Days like these I wish I were a Pig!

The cold North wind blows and the temperature says 17 degrees. I bundle up in my winter farm gear and head out to the barn. Winter gear in Ohio has nothing on the Northern states but it is still cold. The barn water has frozen for the first time and this makes chores take some extra time. Winter guests at our house are familiar with 5 gallon buckets lined up in the entry way along with our family’s barn boots and coats. Not ideal for a girl who likes everything to look just right, but for winter it is a necessity.

The sheep have wool to keep them warm and stay in the barn most of the time, the rabbits are in the barn and the chickens have a clean coop with extra straw in their nesting boxes and thank goodness for the heated water, it cuts off lots of chore time not having to crack more ice. Our animals have it good, but I think they all would like to be hogs in their climate-controlled barn that I recently got to tour.

Through the Ohio Farm Bureau AgriPower Porgram, I got to visit the Standing Oaks Enterprise. Carol Wildman, who is in my class, and her husband own and operated this hog farm.
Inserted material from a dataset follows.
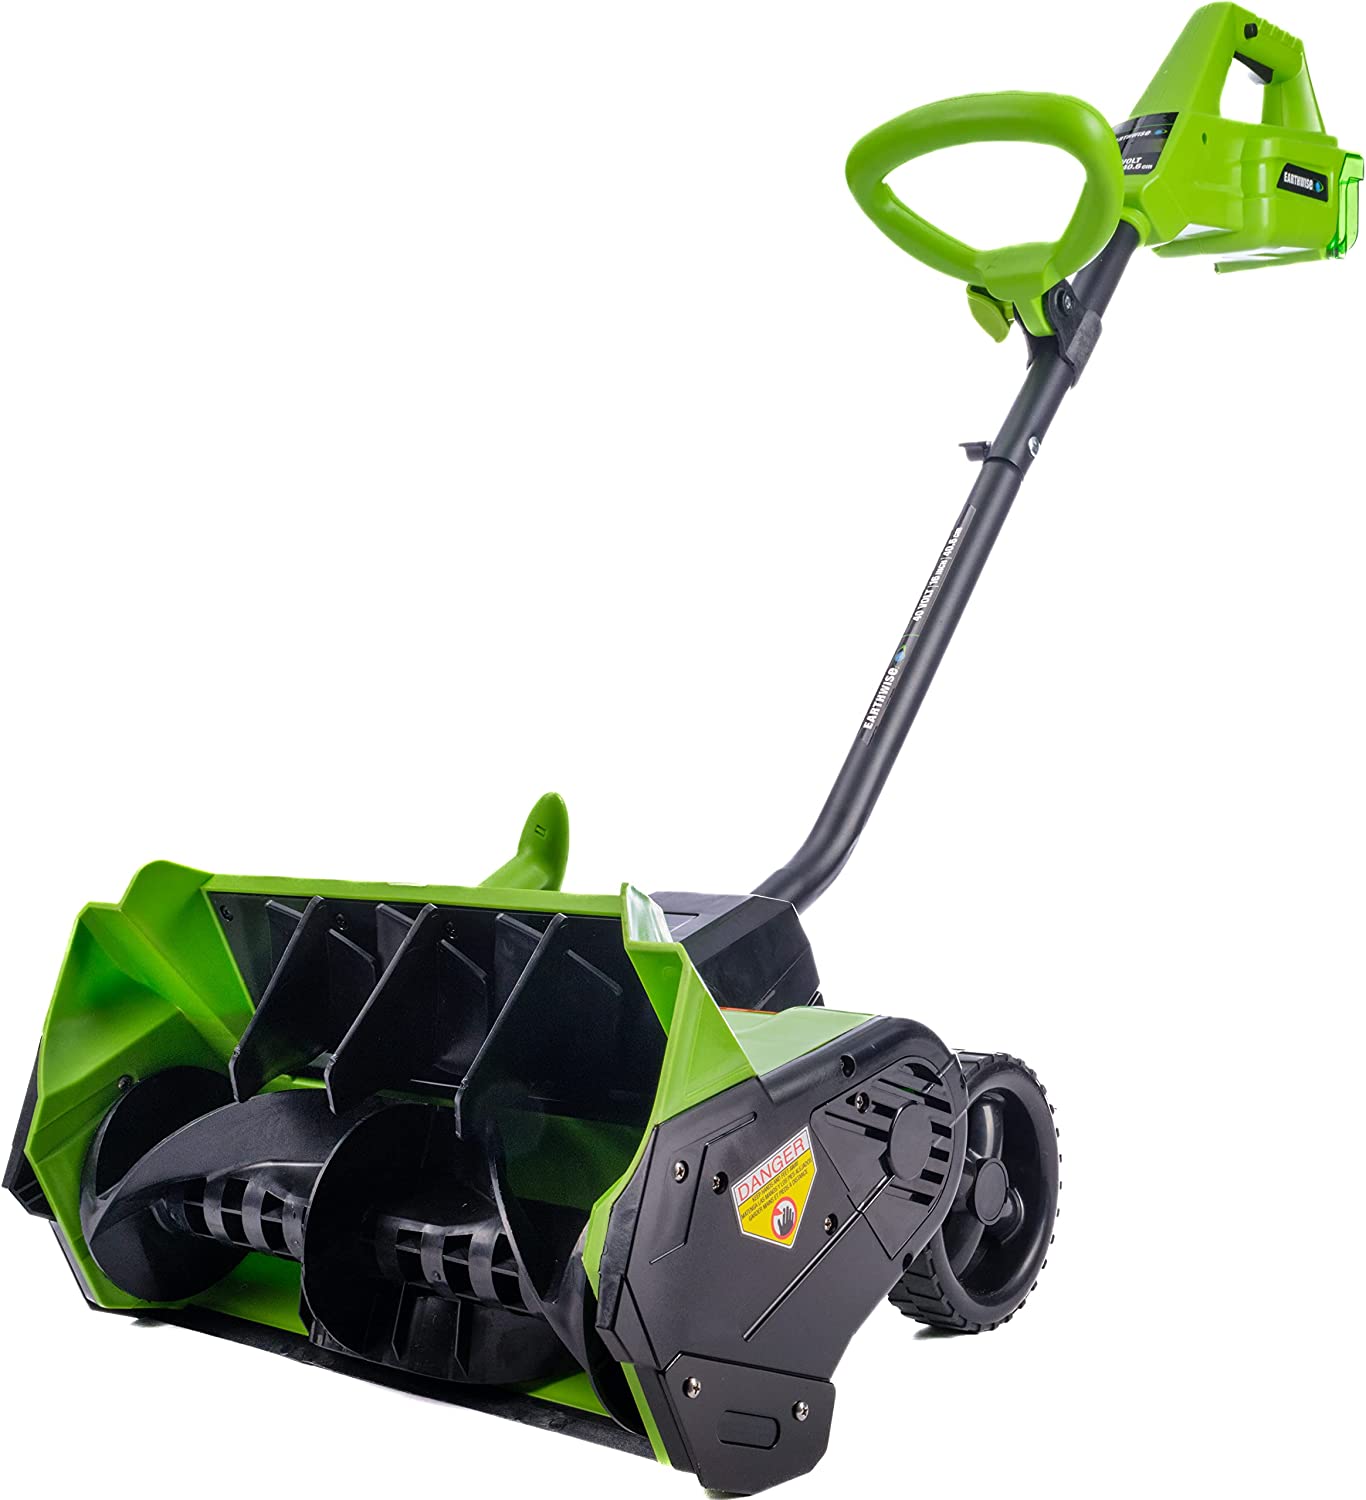 Earthwise SN74016 40V Lithium Battery Operated Ion Cordless 16" Snow Shovel with Brushless Motor - image 2 of 10

It had been many years since I have been at a larger scale hog facility. We divided up in our 3 groups and set out for a few different areas of their family farm. They were kind enough to allow us to take photos.

We saw them do some artificial insemination, we saw some baby pigs that were just a few days old and then also saw castration. Each area was fascinating and to see the family work together and move so many hogs though their facility from start to finish was just eye opening. There is nothing better than working on a farm doing something you love or have a passion for.
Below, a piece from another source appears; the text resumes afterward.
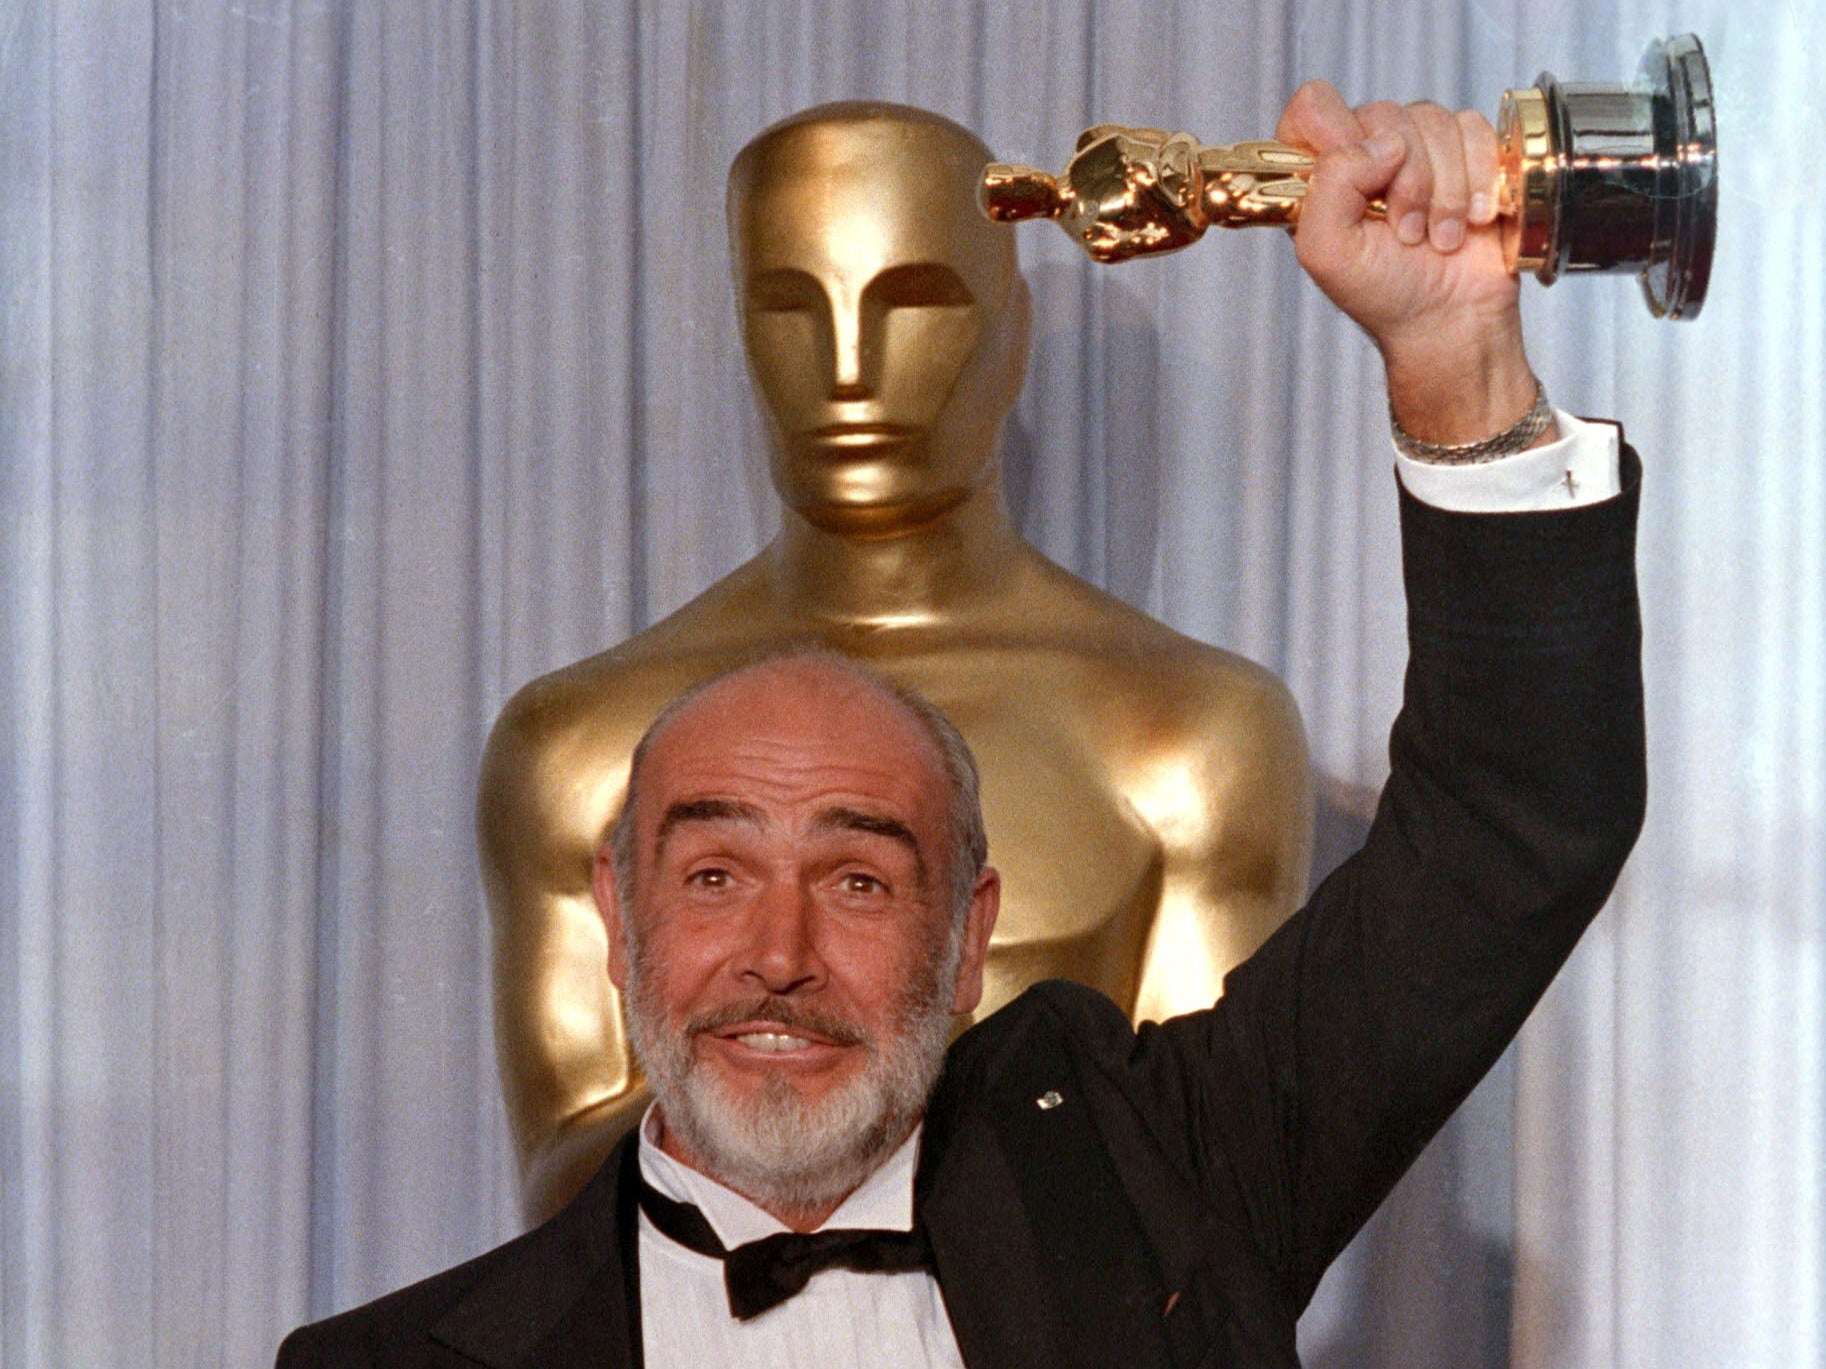 Connery received the Academy Award for Best Supporting Actor for his performance in The Untouchables

I am a very hands-on person. I am not afraid of much and always want to try new things. They allowed us to see how they dock tails on the little pigs and how they AI (artificially inseminate) the sows (female pig). I must say it was quite exciting for me to AI a sow. I am very excited to find out how many pigs the sow has.
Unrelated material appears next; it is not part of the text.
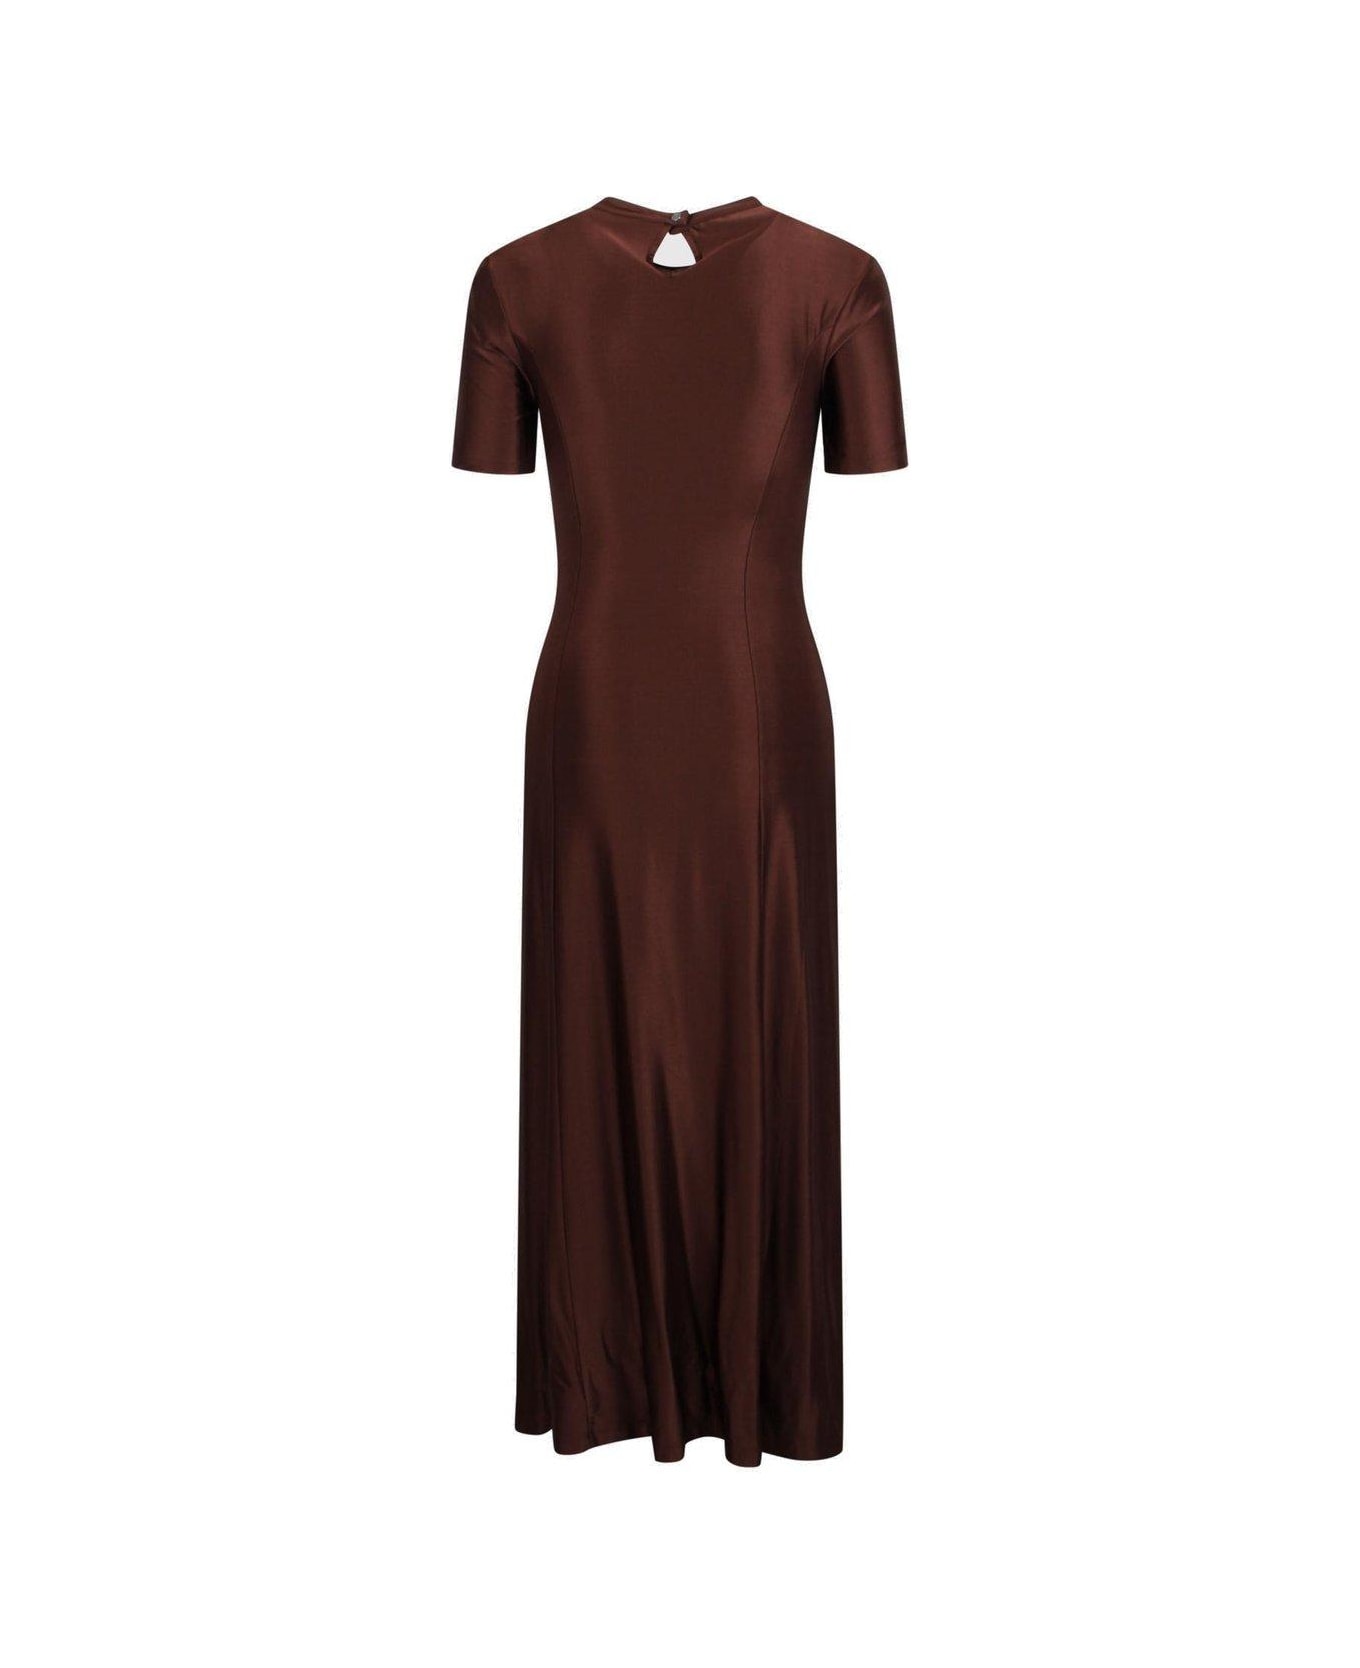 Paco Rabanne Ruched Detailed Midi Dress - Brown

What is so impressive to me when I visit larger production farms is how clean and temperate the barns are. These hogs are kept at the same 70-degree temperature year round. They do not have to worry about rain, snow, wind or hail. Some people wonder why they have to be kept inside all the time. The answer is simple, for their protection! Their environment can be controlled and this takes away so many worries for disease, temperature changes and environmental conditions. When you step outside and the wind and cold air chills your bones, you may wish you were a pig too!